Bug Report: Gemini 3.1 Pro — PDF not processed in subsequent turns of multi-turn conversation

Forum: discuss.ai.google.dev
Category: Gemini API / Gems
Priority: High
Date: February 2026


Summary

Gemini 3.1 Pro fails to apply OCR/document processing on PDFs attached in turns 2+ of a multi-turn conversation(Gems). The model detects the file metadata but does not read its content, responding as if the document is inaccessible. This regression is specific to Gemini 3.1 Pro — the same workflow works correctly with Gemini 3.0 Flash and Gemini 3.0 (reasoning model).


Environment

Field Value
Model affected gemini-3.1-pro-preview
Models NOT affected gemini-3.0-flash, gemini-3.0 (reasoning)
Interface Google Gems (consumer + Workspace)
PDF source FootyStats, Sofascore, ValueStats (statistical data PDFs)
PDF size ~5-15 pages per document
Workflow Sequential multi-phase pipeline (3 turns, one PDF per turn)

Steps to reproduce

  1. Create a Gem with a system prompt that defines a multi-turn pipeline:

    • Turn 1: User attaches PDF_A → model reads and stores data

    • Turn 2: User attaches PDF_B → model reads and stores data

    • Turn 3: User sends text + PDF_C → model executes full analysis

  2. Start a new conversation with that Gem using Gemini 3.1 Pro.

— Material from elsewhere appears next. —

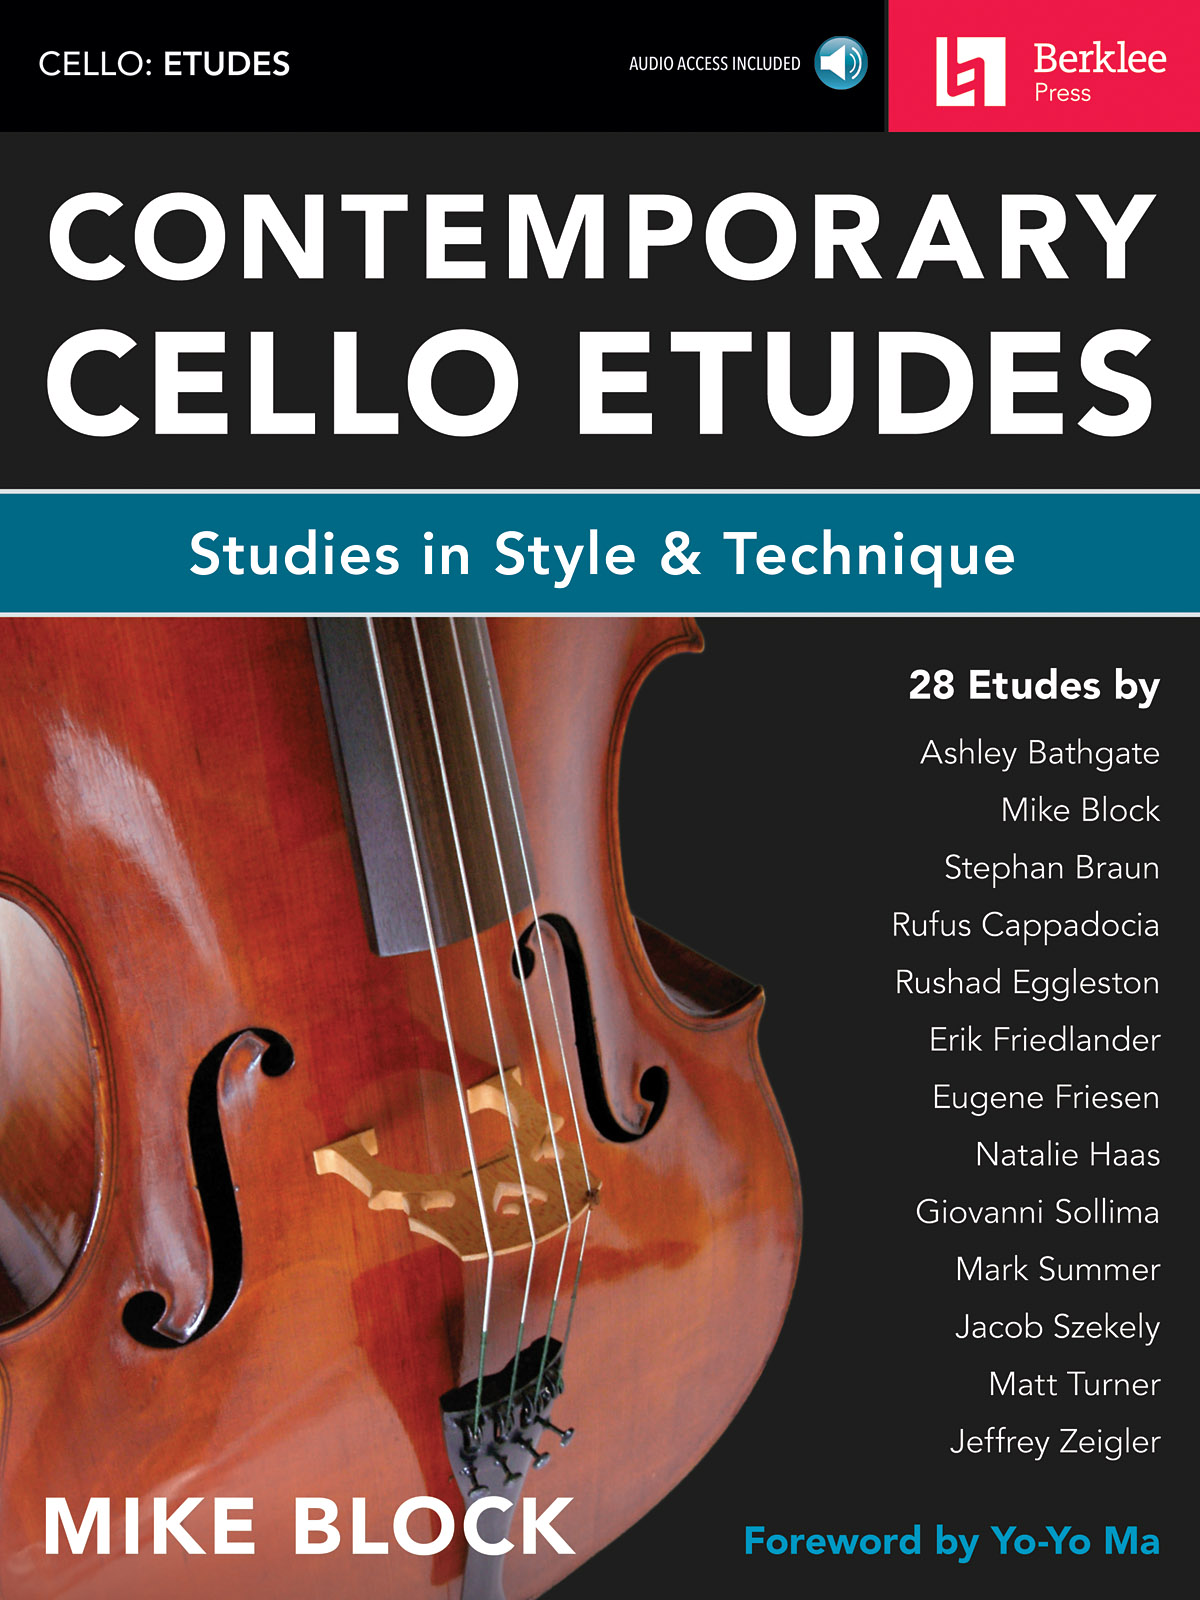 Contemporary Cello Etudes - Studies in Style & Technique - etudy pro violoncello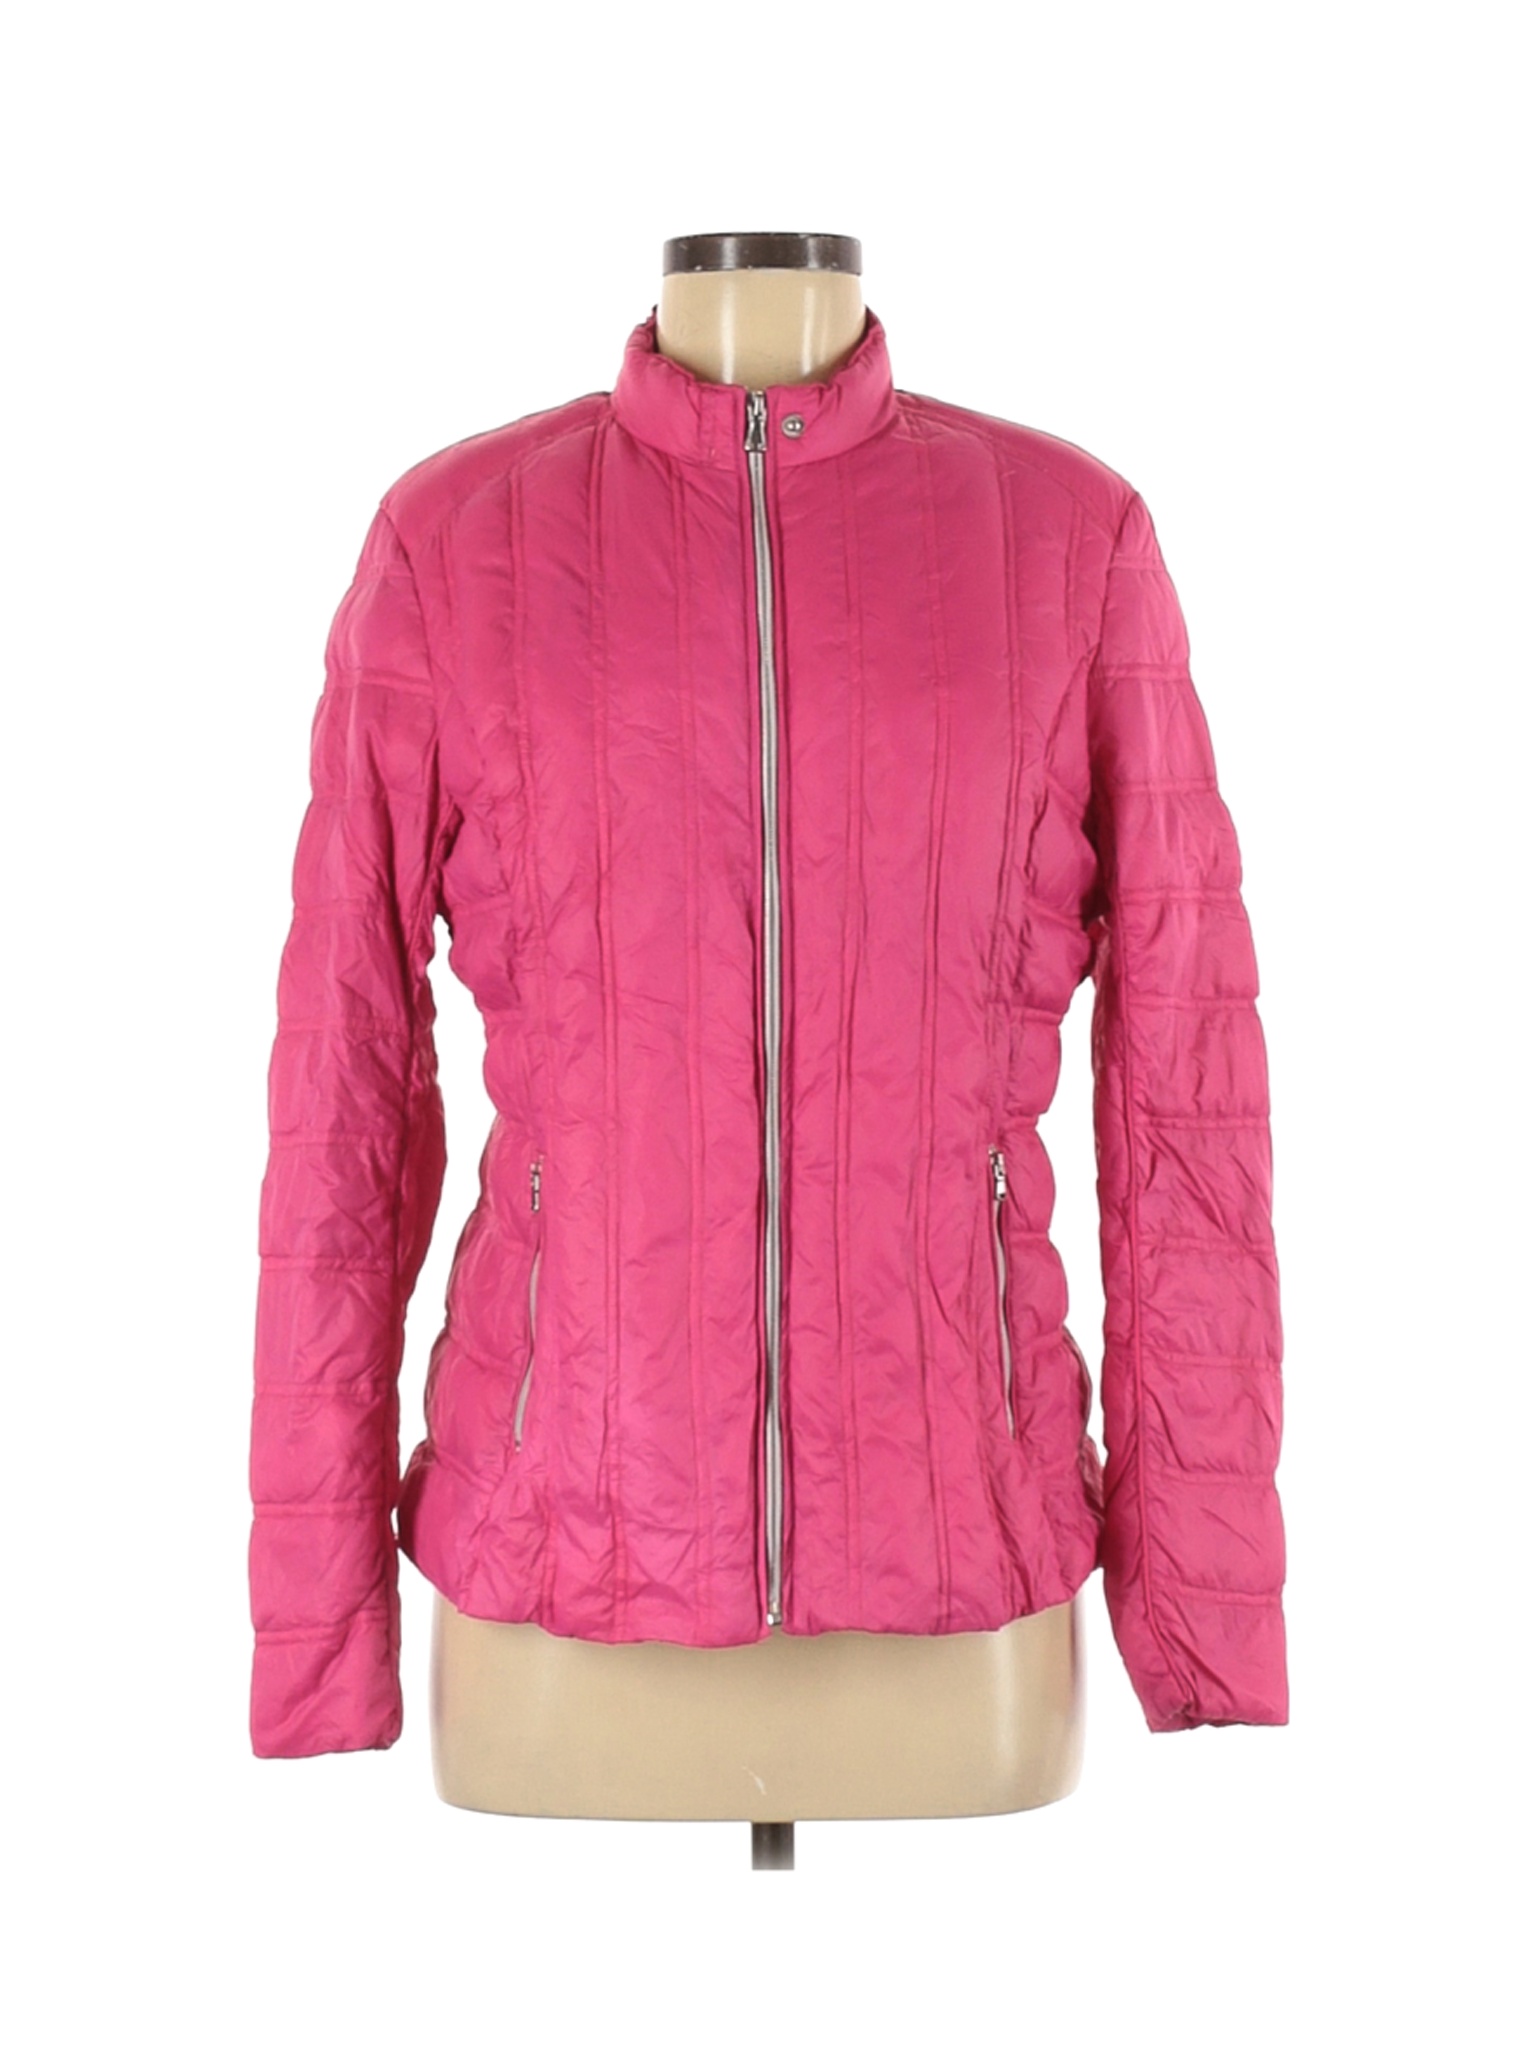 Coldwater Creek Women Pink Jacket M | eBay

  3. Turn 1: Attach PDF_A with instruction “Read this document and confirm the team name, competition, and one numerical value (e.g. PPG).” → Model reads correctly :white_check_mark:

  4. Turn 2: Attach PDF_B (different document, same structure) with identical instruction. → Model detects the file exists but cannot extract any content :cross_mark:


Actual behavior (Gemini 3.1 Pro)

In Turn 2, the model returns a response similar to:

“PDF [filename] not accessible in a native way. I have detected the attached file in the system metadata, but its text content has not been provided in the prompt for algorithmic reading (unlike the extraction I performed for [PDF from Turn 1]).”

The model acknowledges the file exists but treats it as unreadable. It correctly processed the Turn 1 PDF but fails on Turn 2 onward — even when the second PDF is structurally identical to the first.


Expected behavior

The model should apply the same document processing (OCR + native text extraction) to PDFs attached in any turn of a multi-turn conversation, not only the first turn. This is the documented behavior and it works correctly in Gemini 3.0 Flash and Gemini 3.0 reasoning.


Comparison across models

Model Turn 1 PDF Turn 2 PDF Turn 3 PDF
Gemini 3.0 Flash :white_check_mark: Reads correctly :white_check_mark: Reads correctly :white_check_mark: Reads correctly
Gemini 3.0 (reasoning) :white_check_mark: Reads correctly :white_check_mark: Reads correctly :white_check_mark: Reads correctly
Gemini 3.1 Pro :white_check_mark: Reads correctly :cross_mark: Detects file, no content :cross_mark: Detects file, no content

The regression is exclusive to Gemini 3.1 Pro and was not present in Gemini 3.0 Pro.


Hypothesis

Based on the documented stateless nature of the Gemini API and the architectural changes introduced in Gemini 3.1 Pro (3-level thinking system, updated attention mechanism), it appears that:

  1. The model’s attention budget is exhausted after processing the first PDF in Turn 1.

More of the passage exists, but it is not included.